La Belgique, 29 août 2001, Pierre Maury


PIERRETTE FLEUTIAUX : INVERSION DES RÔLES

Sept ans. Ou plutôt, deux fois sept ans : sept ans pour accompagner la sortie de la vie de ma mère. Et ce sont deux périodes d’une folle exigence, d’une douloureuse patience, dont la seconde fait l’objet du nouveau livre de Pierrette Fleutiaux, « Des phrases courtes, ma chérie ». Un récit vrai, simple et d’autant plus poignant, d’où la romancière n’est pas exclu d’une certaine pudeur, comme on le comprend dans les pages intitulées :  « mon amie m’a dit… »

Son amie Aurore lui avait dit, s’agissant de ces pages qui n’étaient pas encore destinées à devenir un livre :  « Il faut que tu mettes les noms… »  Pour toucher les gens, pour que le livre ait du succès. Pour une fois, peut-être qu’ Aurore n’a rien compris. Donc, pas de noms. La vérité pourtant.

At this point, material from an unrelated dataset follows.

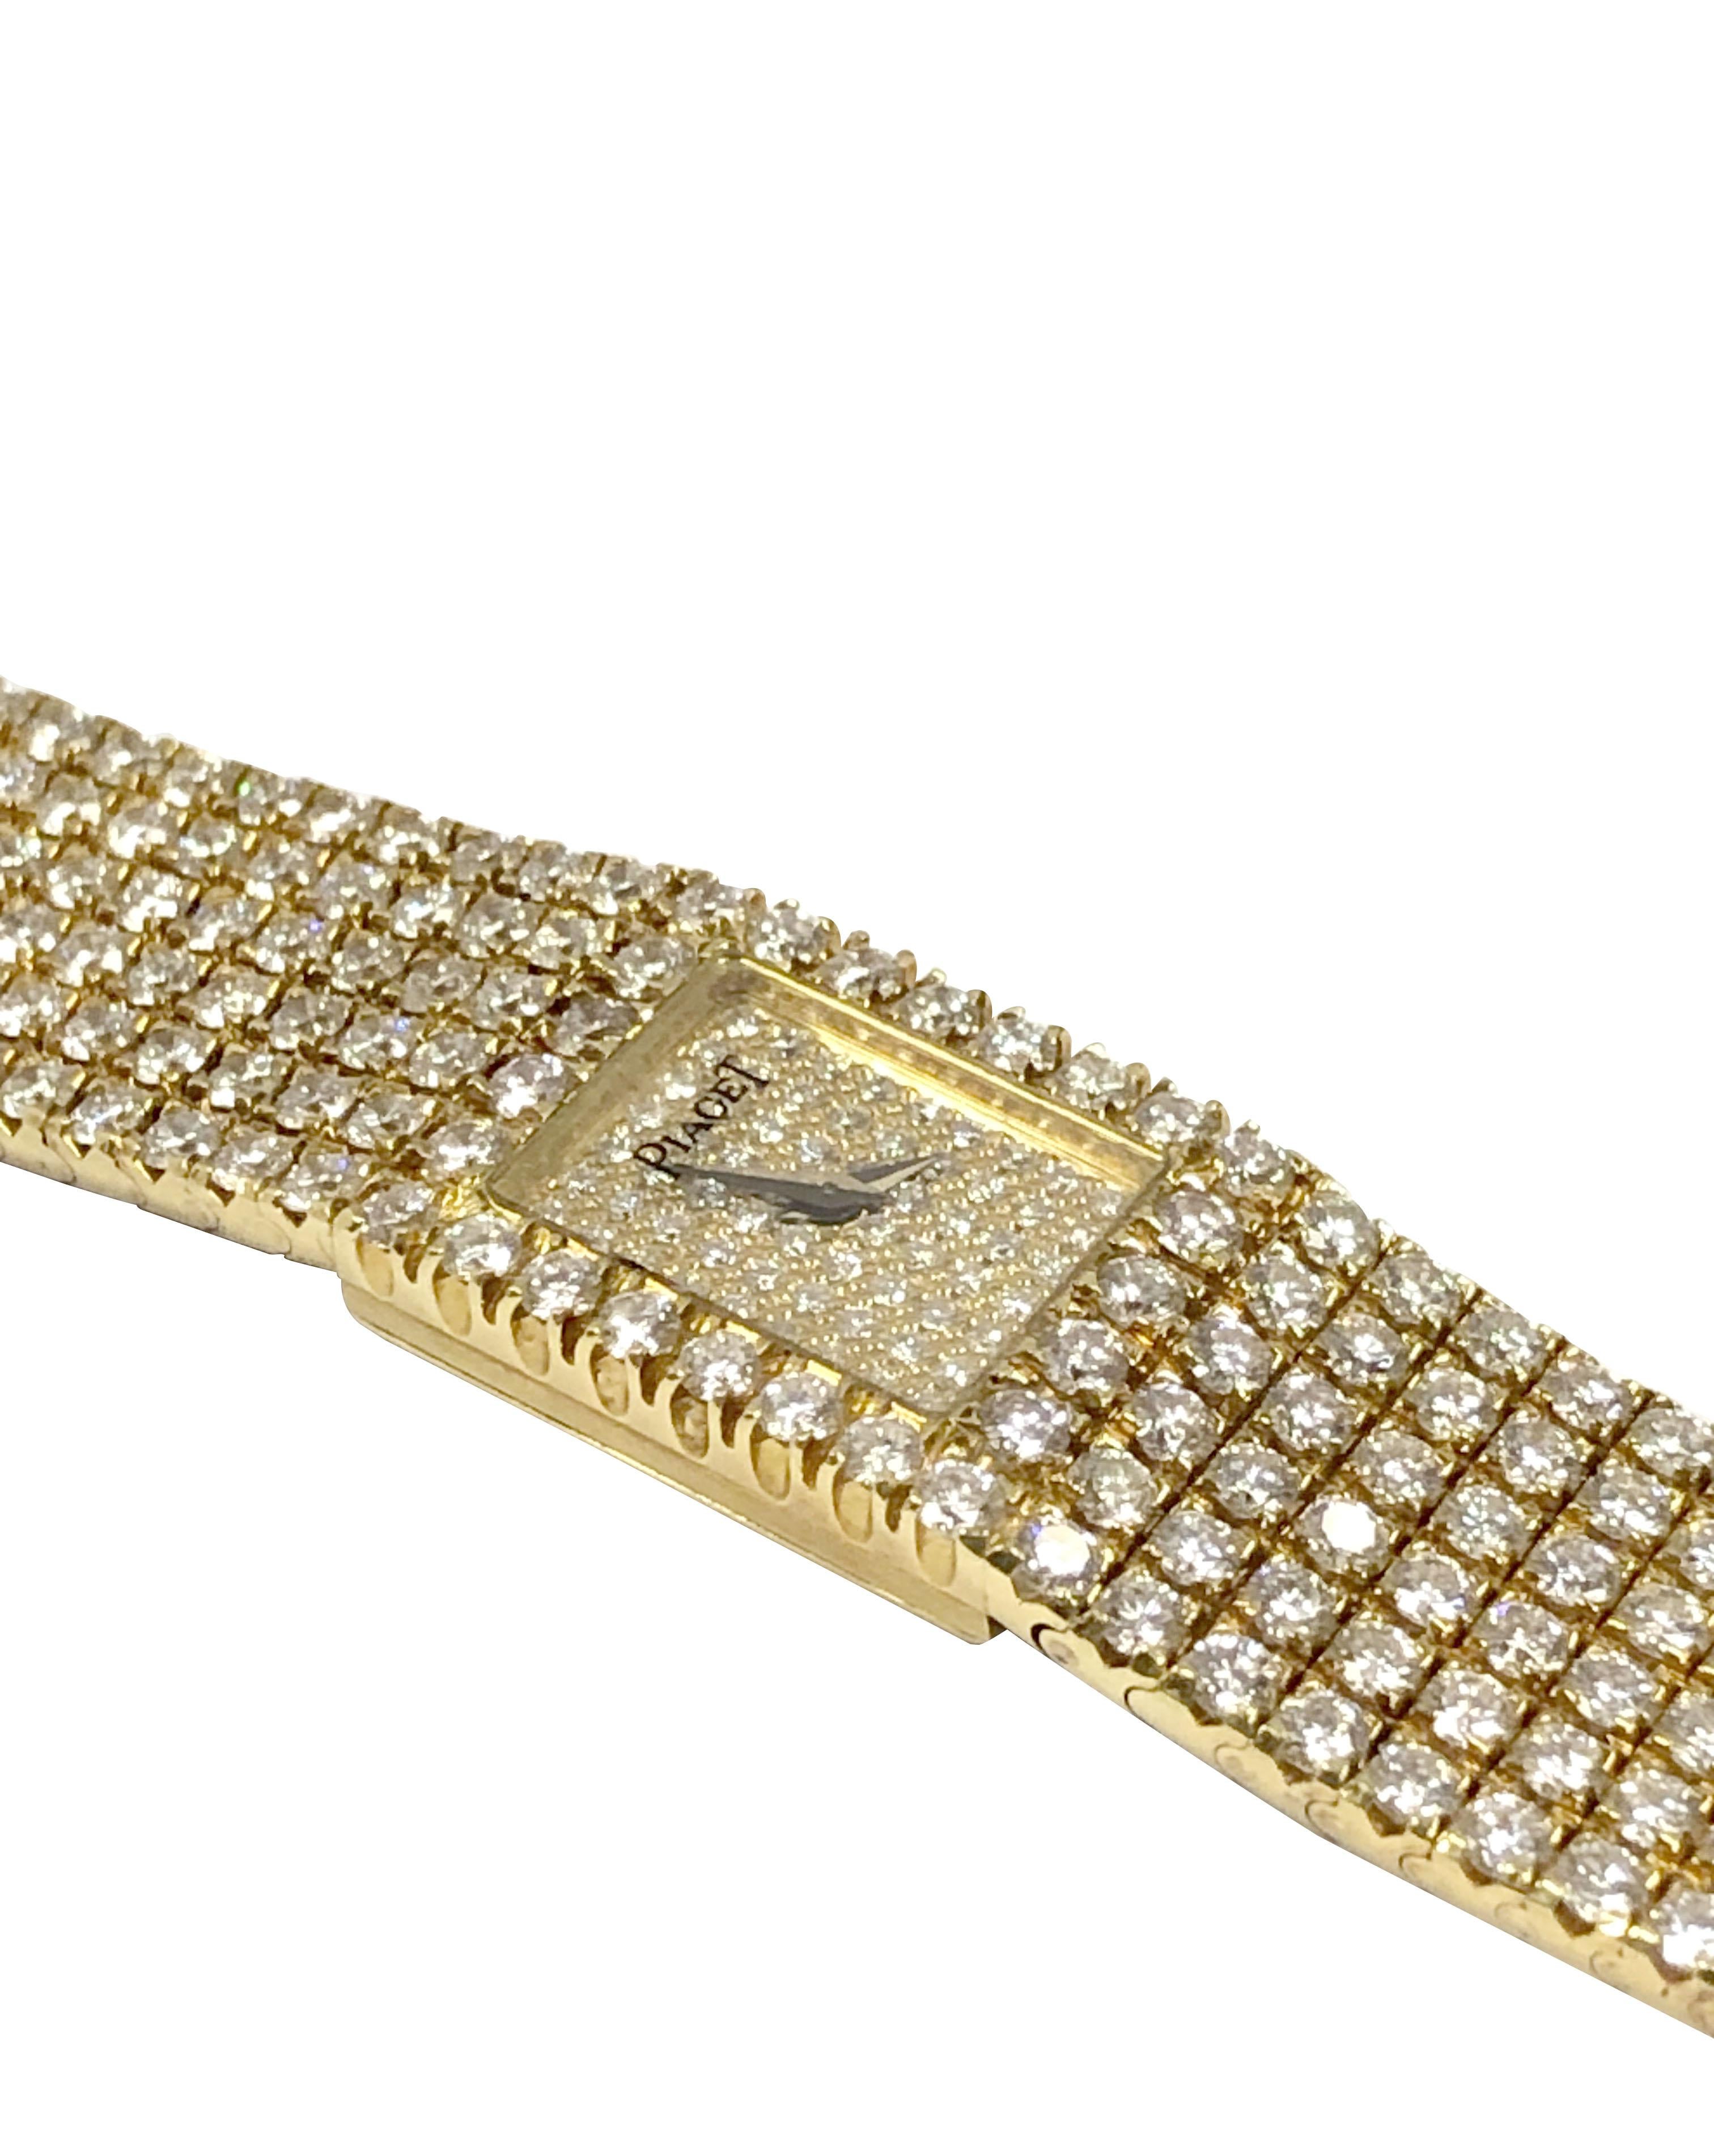 Circa 1990 Piaget Polo Reference 15201 Ladies 18k Yellow Gold Wrist Watch,  serti d'environ 20 carats de diamants blancs ronds de taille brillant dans un bracelet souple et doux, mesurant 7 1/2 pouces de long et un peu plus de 1/2 pouce de large.

Le père est mort, la mère a vieilli, bien d’abord, moins bien ensuite. C’est le cours des choses, que les enfants se refusent à voir en face, jusqu’au moment où se présente un mur d’incompréhension, quelle que soit la bonne volonté : « nous voulions des solutions, ma mère voulait la discussion, c’est-à-dire être avec nous. Pour nous, il s’agissait d’un problème, pour elle il s’agissait d’en parler. »

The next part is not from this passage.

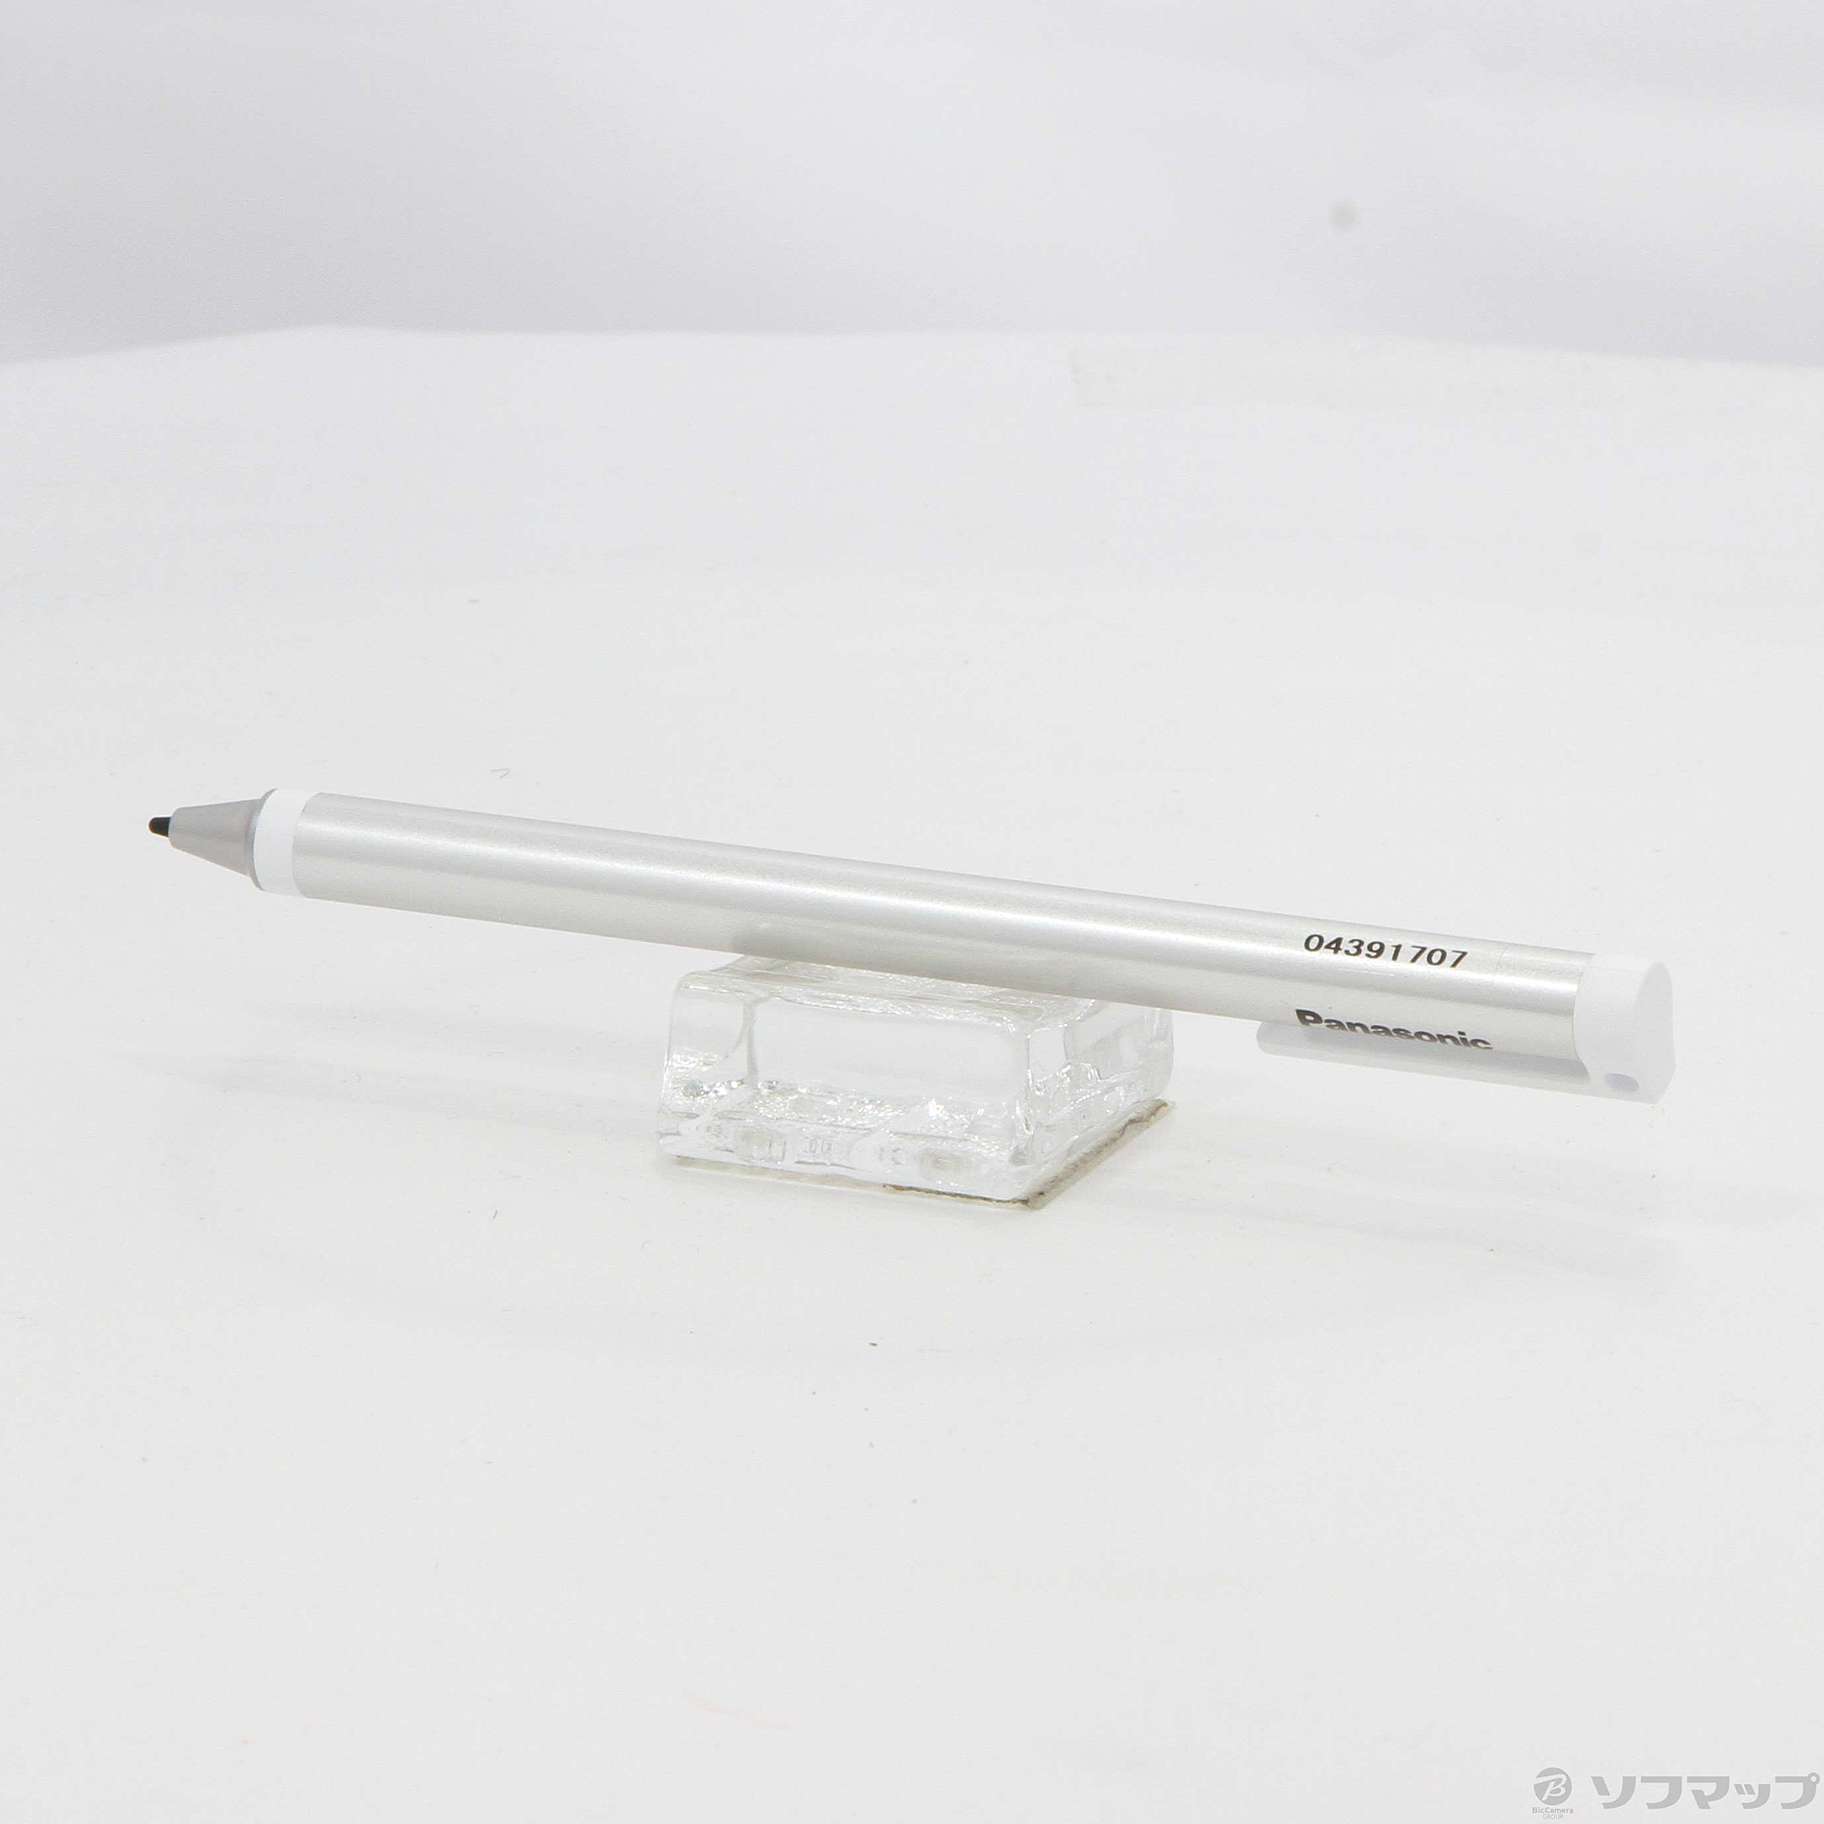 新品パナソニックLet’s NoteCF-XZシリーズ専用アクティブペン

Et quelle solution au problème, sinon le meilleur endroit pour finir de vieillir ? C’est-à-dire mourir – un mot qu’on ne prononcera pas avant qu’il soit trop tard. Donc, une maison de retraite qui ne ressemble pas trop à un cul-de-sac de l’existence, où la mère peut encore être elle-même, dans une certaine mesure. Dans une certaine mesure seulement, et de plus en plus étroite la mesure, au fil de forces déclinant. Alors, la mère devient l’enfant de sa fille (de son fils aussi, dans un rapport différent puisqu’il est médecin et que son rôle est de rassurer scientifiquement.)

L’inversion des rôles pourrait se faire sans s’en rendre compte. Pas ici : parfois, la narratrice qui se confond avec l’auteur a le sentiment d’être un véritable bourreau pour sa mère. À quoi bon en effet la secouer pour bouger, pour aller acheter une nouvelle robe ou s’agit-il seulement de susciter un mot synonyme de vie  « normale» ? Et puis, pourquoi une robe alors que pas un instant la fille n’a pensé aux sous-vêtements ? Pourquoi encore un bijou en cadeau alors que jamais la mère n’a voulu de cadeau inutile ?

Il y a une barrière, légère et transparente, certes, puisque construite en cellophane, entre la mère et le monde. Une barrière susceptible d’étouffer toute vie, quand même, et ce n’est pas rien. De voir se resserer autour de la mère un contexte étouffant donne envie à la fille de bouger à tout prix, histoire de créer un appel d’air. Chaque détail compte : le coiffeur, le regard d’un enfant, une conversation avec la vendeuse. Moments de soulagements pendant lesquels il est si bon de croire que tout est resté immuable.

Pourtant, les doutes reviennent sans cesse. Et la vieillesse de la mère renvoie à la fille, comme dans un miroir, son âge qui n’est plus celui d’une jeune fille – sauf précisemment, dans les yeux de la mère

Témoignage sensible, bien sûr, Des phrases courtes, ma chérie est en même temps tout autre chose. L’œuvre d’un écrivain pour qui tout est matière à faire des phrases. Et qui revient sur ces débuts, sous l’oeil de la mère. Dans la famille, les femmes ont le don du mot et de la phrase, dit-elle. Dans les rédactions, il fallait faire des phrases courtes et avoir une belle écriture. Plus tard, les premiers livres seront reçus avec désespoir. Écrire, certes, mais l’imagination au service d’un certain exhibitionnisme, voilà qui est dangereux. Malgré tout, un billet, un chèque, à chaque fois, comme une bonne écolière, en guise d’encouragement…

Alors, l’écriture continue, cette fois comme un hommage à un lien indissoluble, qui perdure au delà de la mort. Cette mort dont la fille ne voulait pas entendre parler tandis que la mère, elle, avait le soucis de régler ses affaires terrestres avant d’en finir une fois pour toute avec elles.

La mère de Pierrette Fleutiaux deviendra celle de tous les lecteurs du récit qu’elle vient de publier. Dans la même douleur, avec la même compassion.

Pierre Maury, La Belgique (29 août 2001).